### Your instructions
Leaving out all pictures, write out word for word the lines from the one containing "Buy MAM Perfect" to the end of the data below.

### Data segment
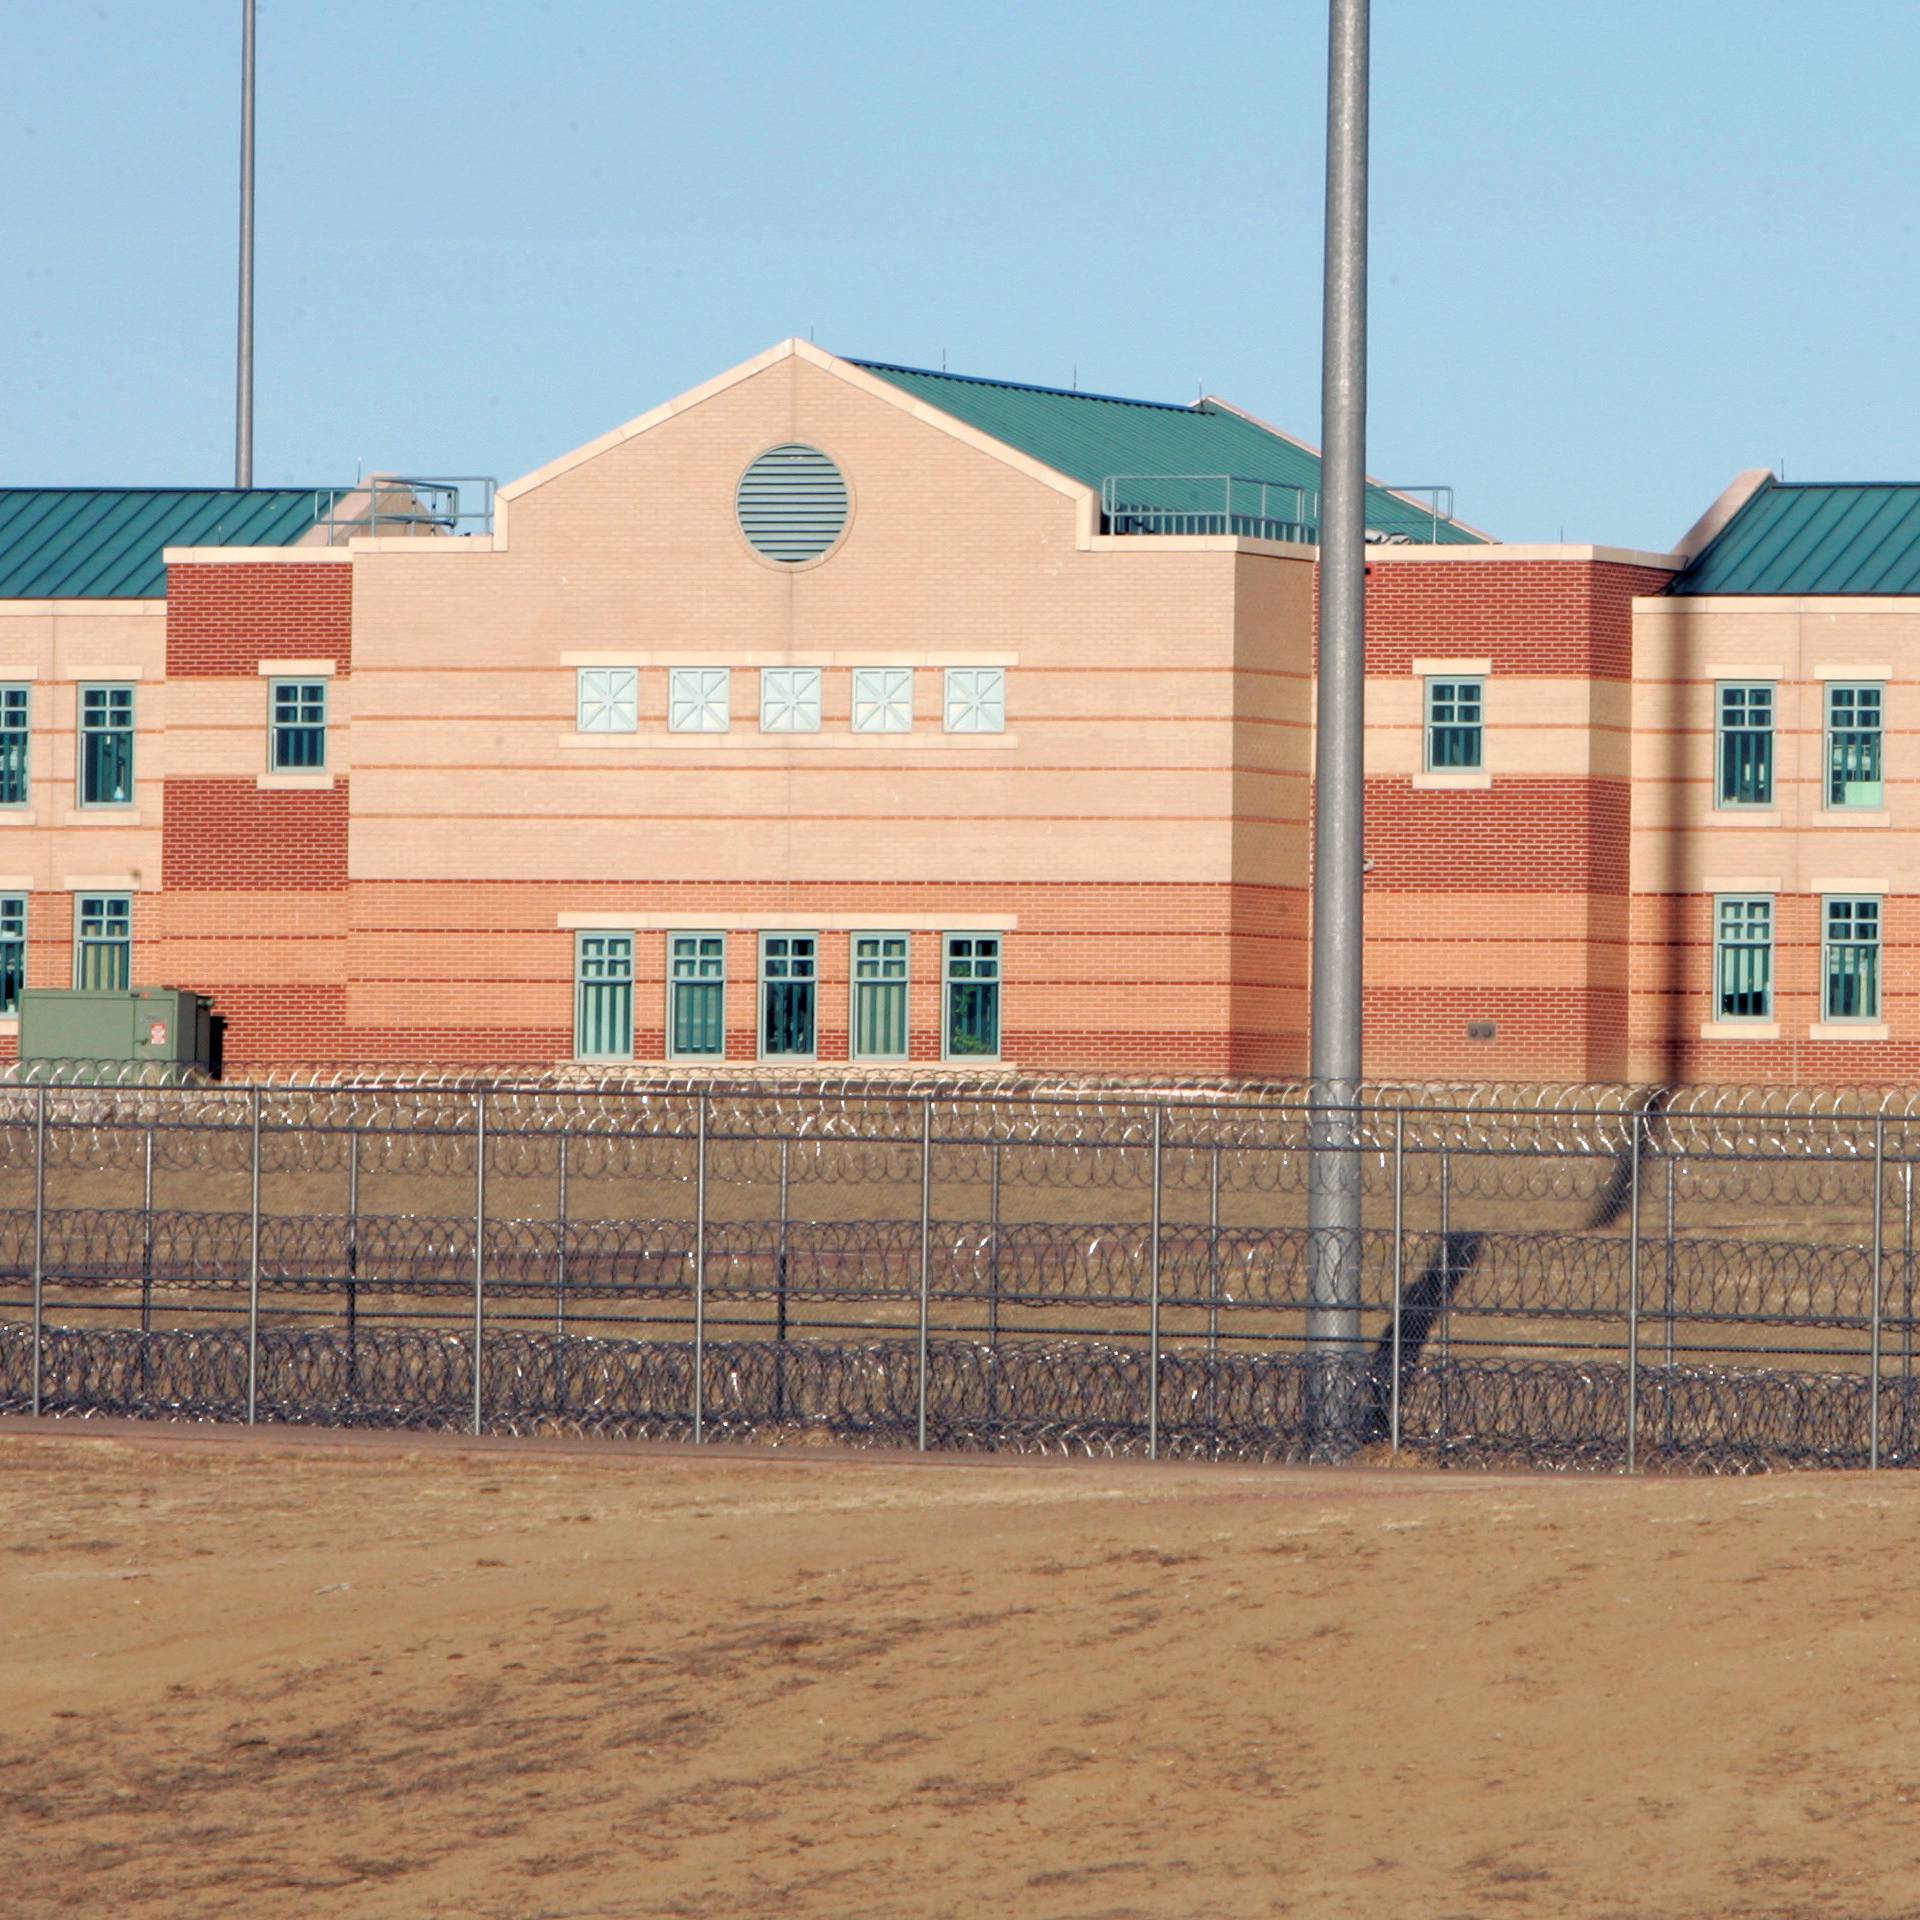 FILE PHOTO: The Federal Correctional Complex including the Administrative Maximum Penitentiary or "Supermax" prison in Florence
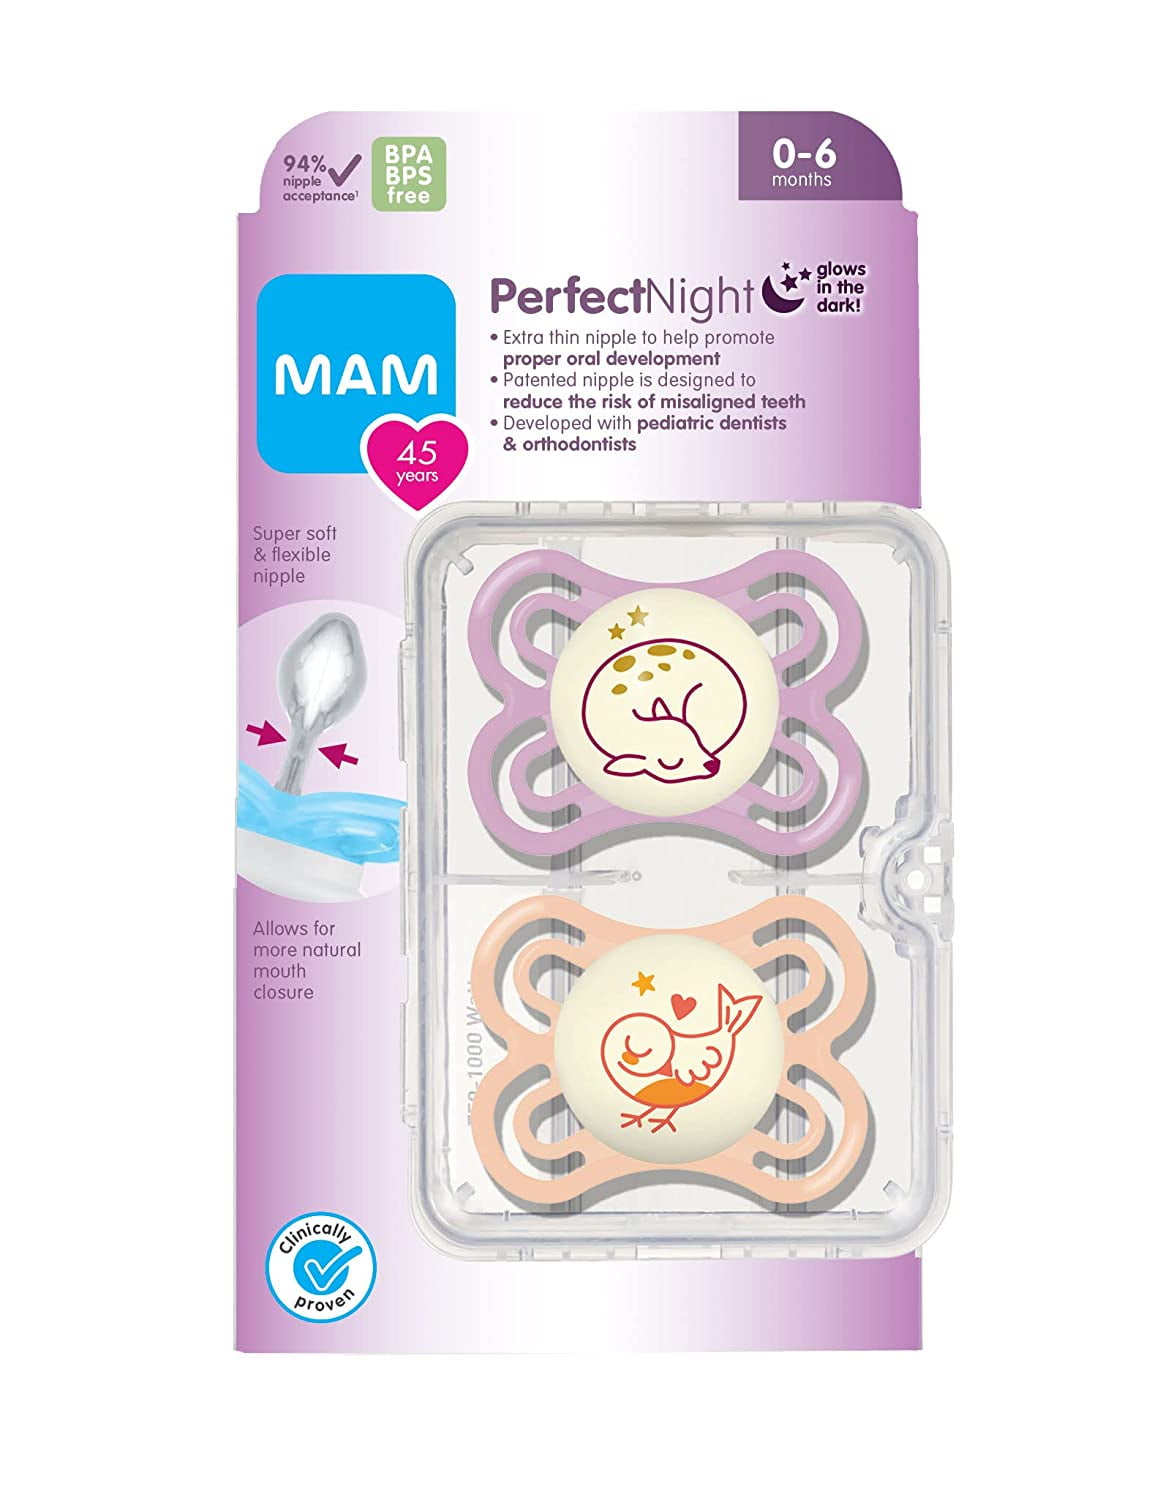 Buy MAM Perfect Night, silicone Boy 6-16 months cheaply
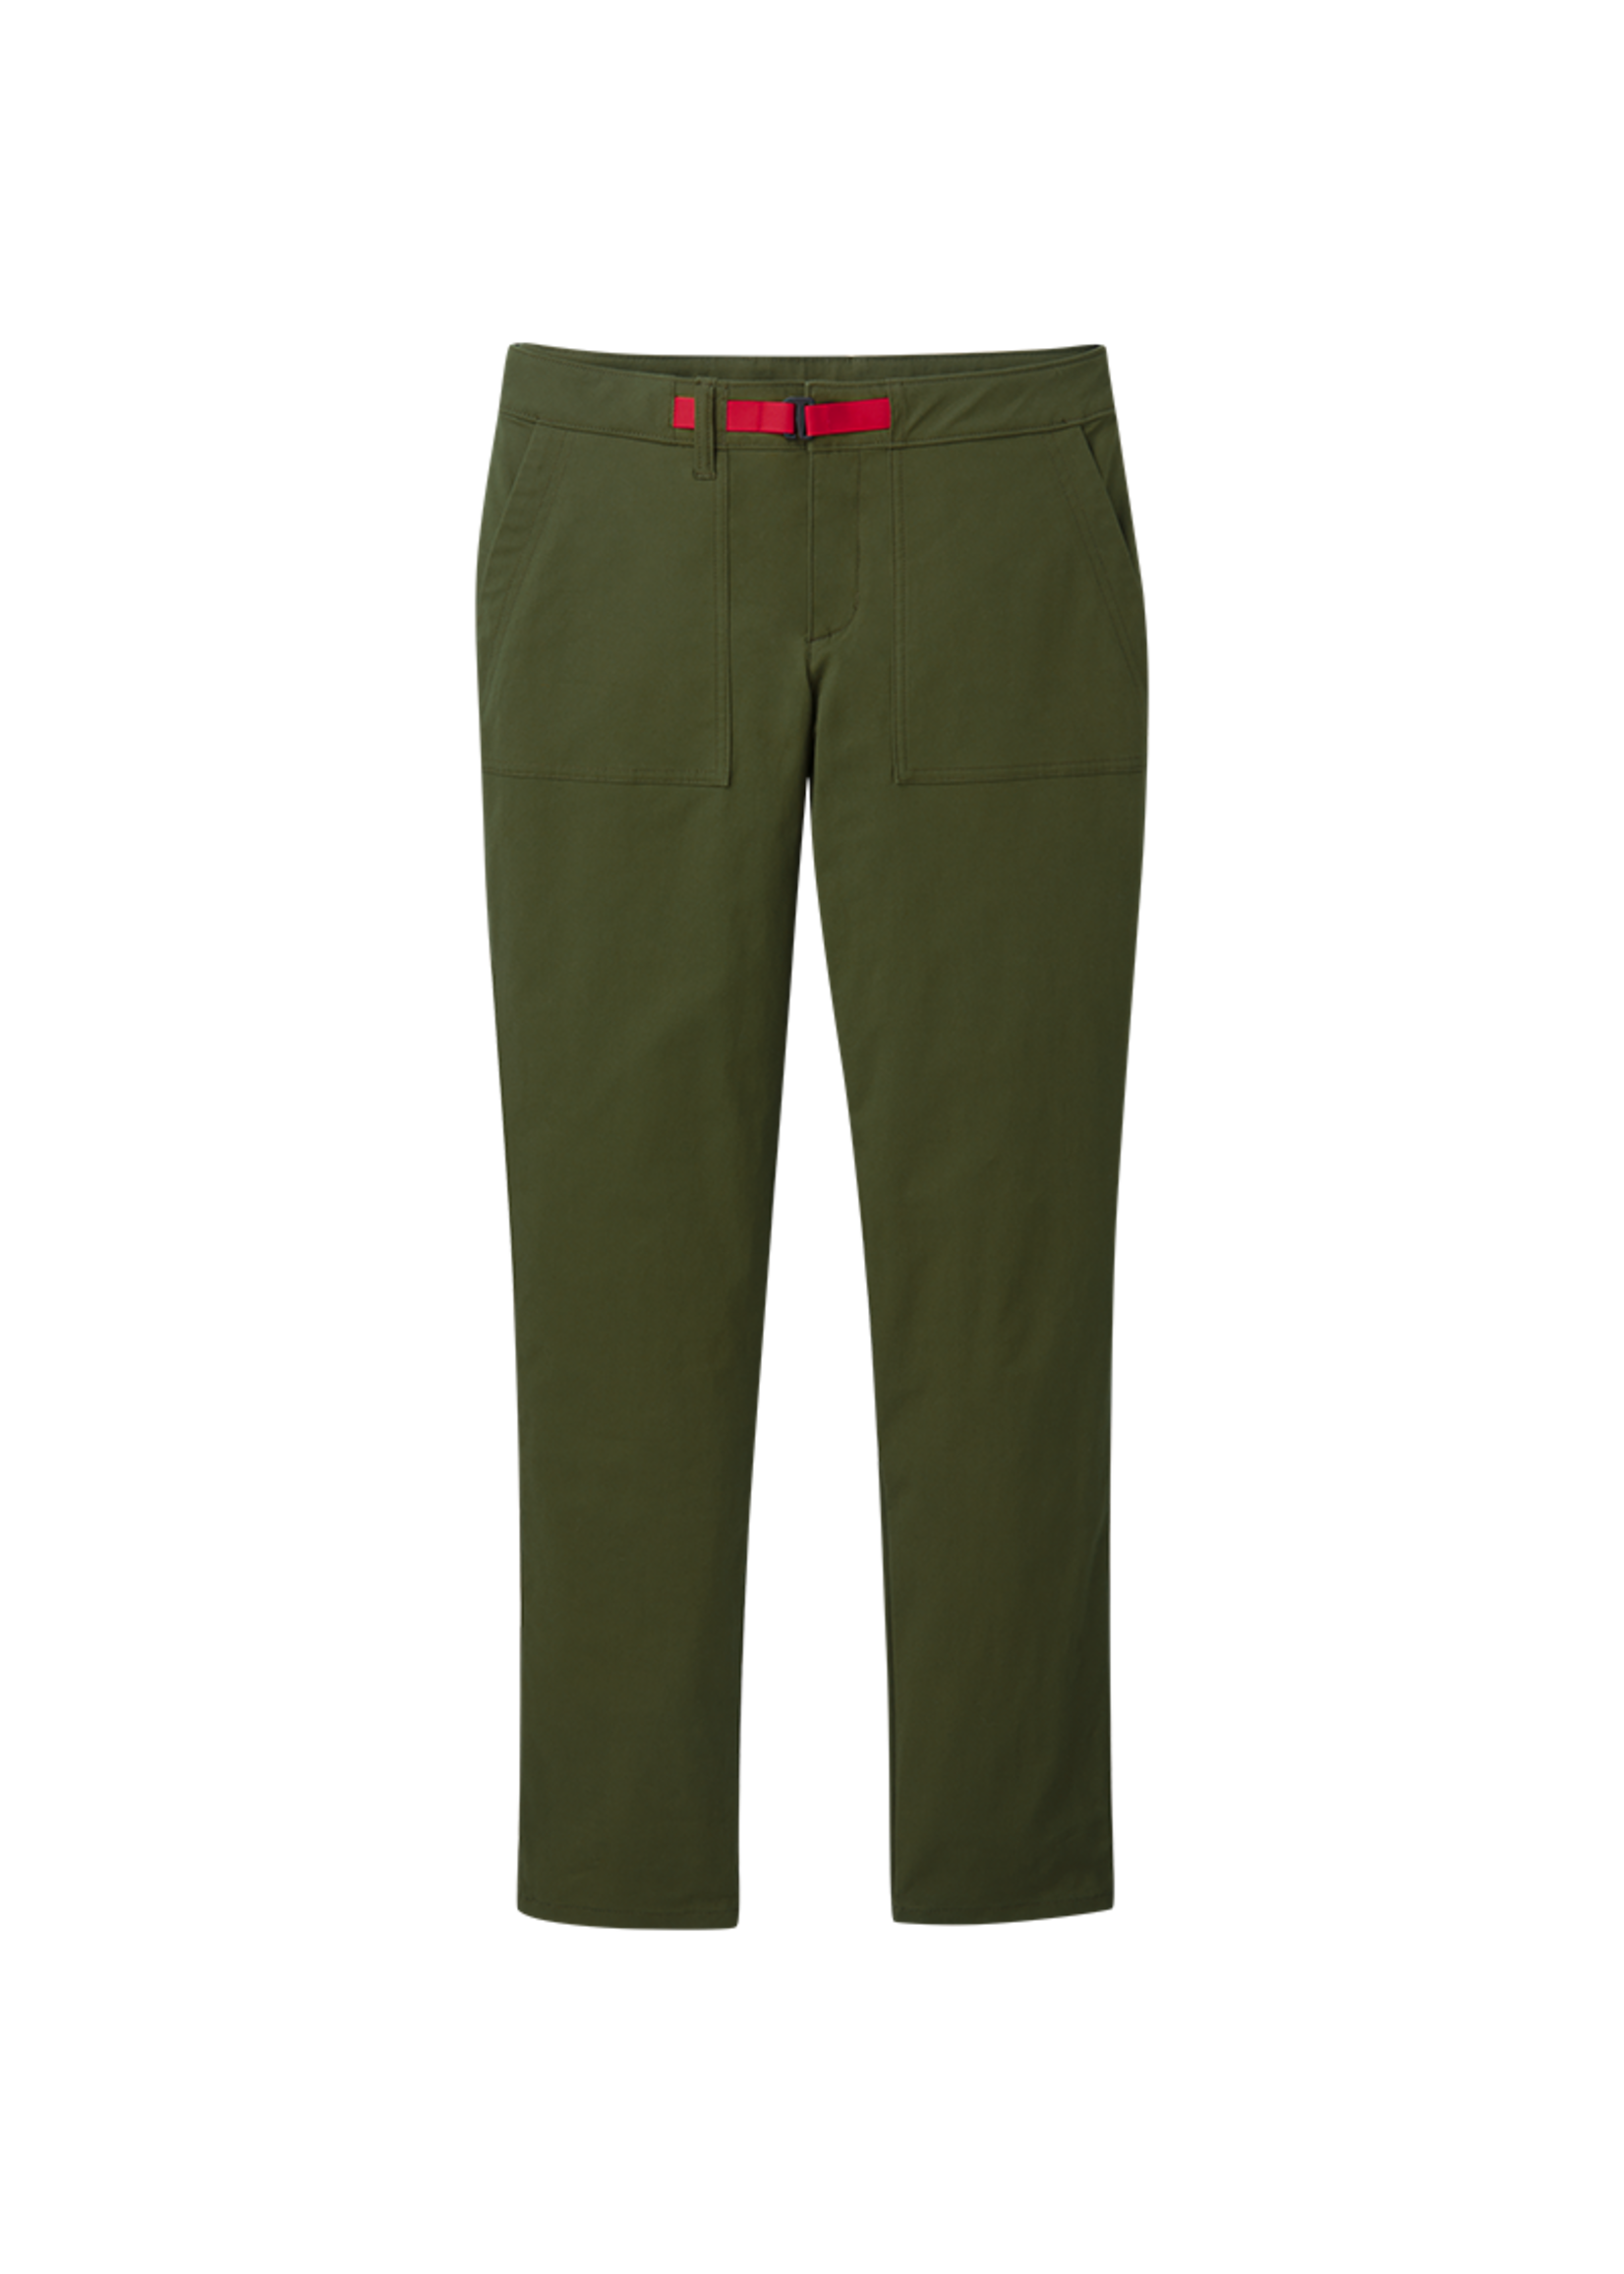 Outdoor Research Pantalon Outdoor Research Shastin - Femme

### Task answer
 Buy MAM Perfect Night, silicone Boy 6-16 months cheaply
 Outdoor Research Pantalon Outdoor Research Shastin - Femme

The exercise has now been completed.